He gave her his bored look with his eyelids half closed, but the corner of his mouth quirked up, giving away his amusement. "Ye came, didn't ye?"
Ilysa rolled her eyes, but she smiled, despite herself. "Now that you've dragged me away from my tasks, what is it ye want?"
"I've had no luck discovering who in the castle is spying for Hugh," he said. "Have you?"
"I thought I had it figured out - until ye told me it wasn't you," she said.
"I'll be leaving in the morning for a few days," Lachlan said, ignoring her remark. "The chieftain wants me to see if I can find out where Hugh's new camp is. I may hear something about this spy as well."
"I'll keep my eye out for clues here," she said.
"That's why I'm talking to ye," Lachlan said. "Don't try to uncover the spy on your own."
"I can't help looking," she said and gave him a pleasant smile.
"Don't," Lachlan said. "You're a bright lass, and ye might guess right. If the spy realizes it, you'll be in danger."
"I appreciate your concern," Ilysa said, which was what she always said when men felt compelled to give her orders she did not intend to follow. She rose up on her tiptoes and gave him a peck on the cheek. "You be careful out there, Lachlan."
A short time later, Ilysa was enjoying a chat with Cook amid the clatter of pans and the savory smells of the midday meal preparation. She took the opportunity to ask him something that had been on her mind.
"What do ye know about the ghosts in the castle?" she asked.
"Hmmph. There's more than one now?" Cook paused in his chopping to turn to her and raise a skeptical eyebrow. "I've only heard about the nursemaid in the tower."

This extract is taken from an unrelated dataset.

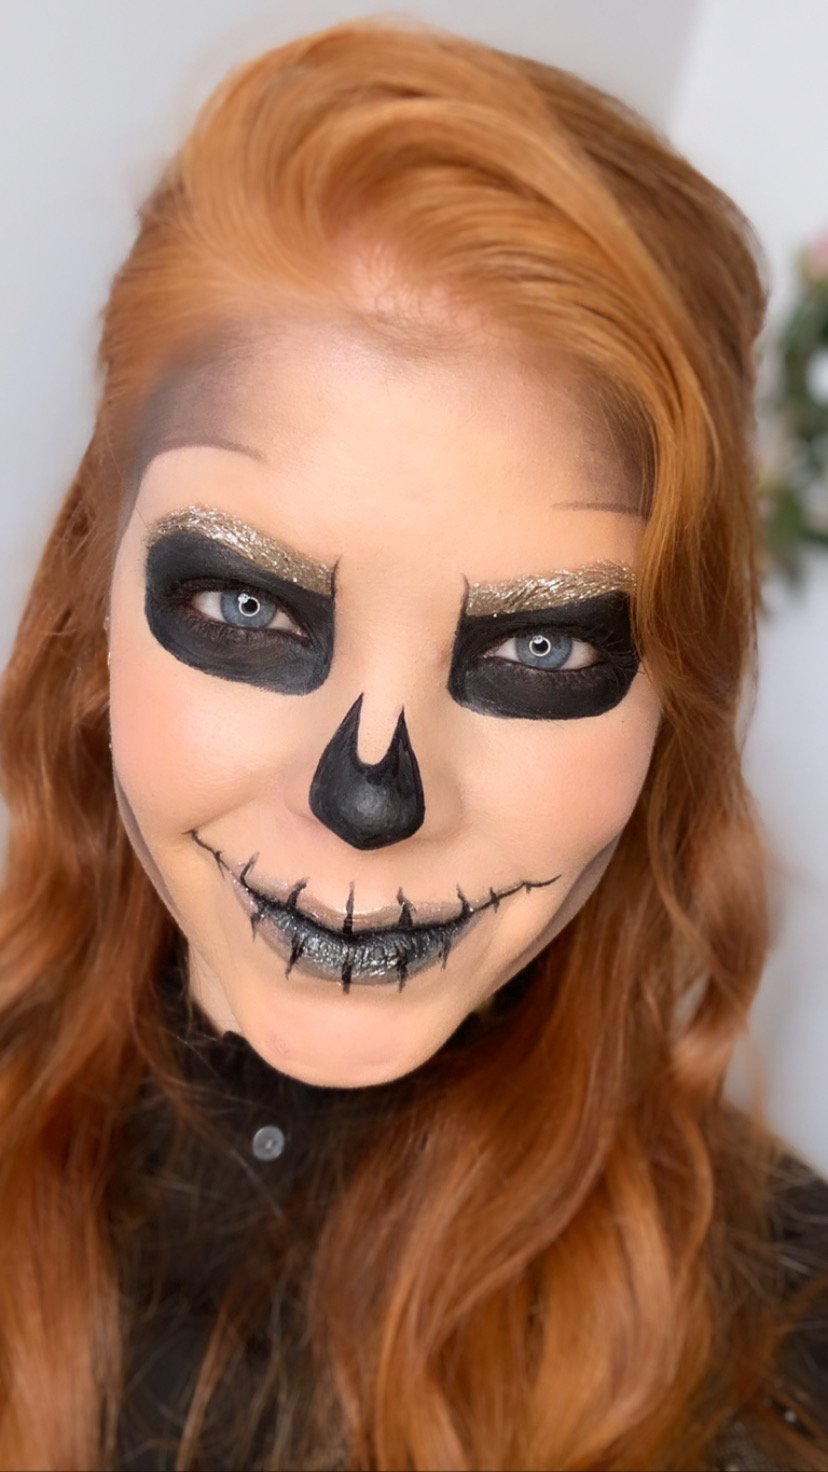 How To: DIY Halloween Makeup Using Eyeko Favorites

"Then tell me about her," Ilysa said.
"She dropped our last chieftain's baby son out the tower window," Cook said. "Ach, she was a sweet, cheerful lass, but she didn't have the sense of a turnip."
"Ye knew her?" Ilysa had assumed the tale was an old one, as ghost stories usually were.
"It only happened about twenty years ago." Cook shook his head. "God knows what that silly lass was doing hanging half out the window with the babe when he slipped from her arms."
"I thought the chieftain had no sons after Connor."
"Not by his wife, he didn't." Cook turned to the kitchen maids who were scrubbing pots behind them. "We need more meat for the stew. Go fetch that hen that's stopped laying eggs and kill it outside. I don't want that squawking in here."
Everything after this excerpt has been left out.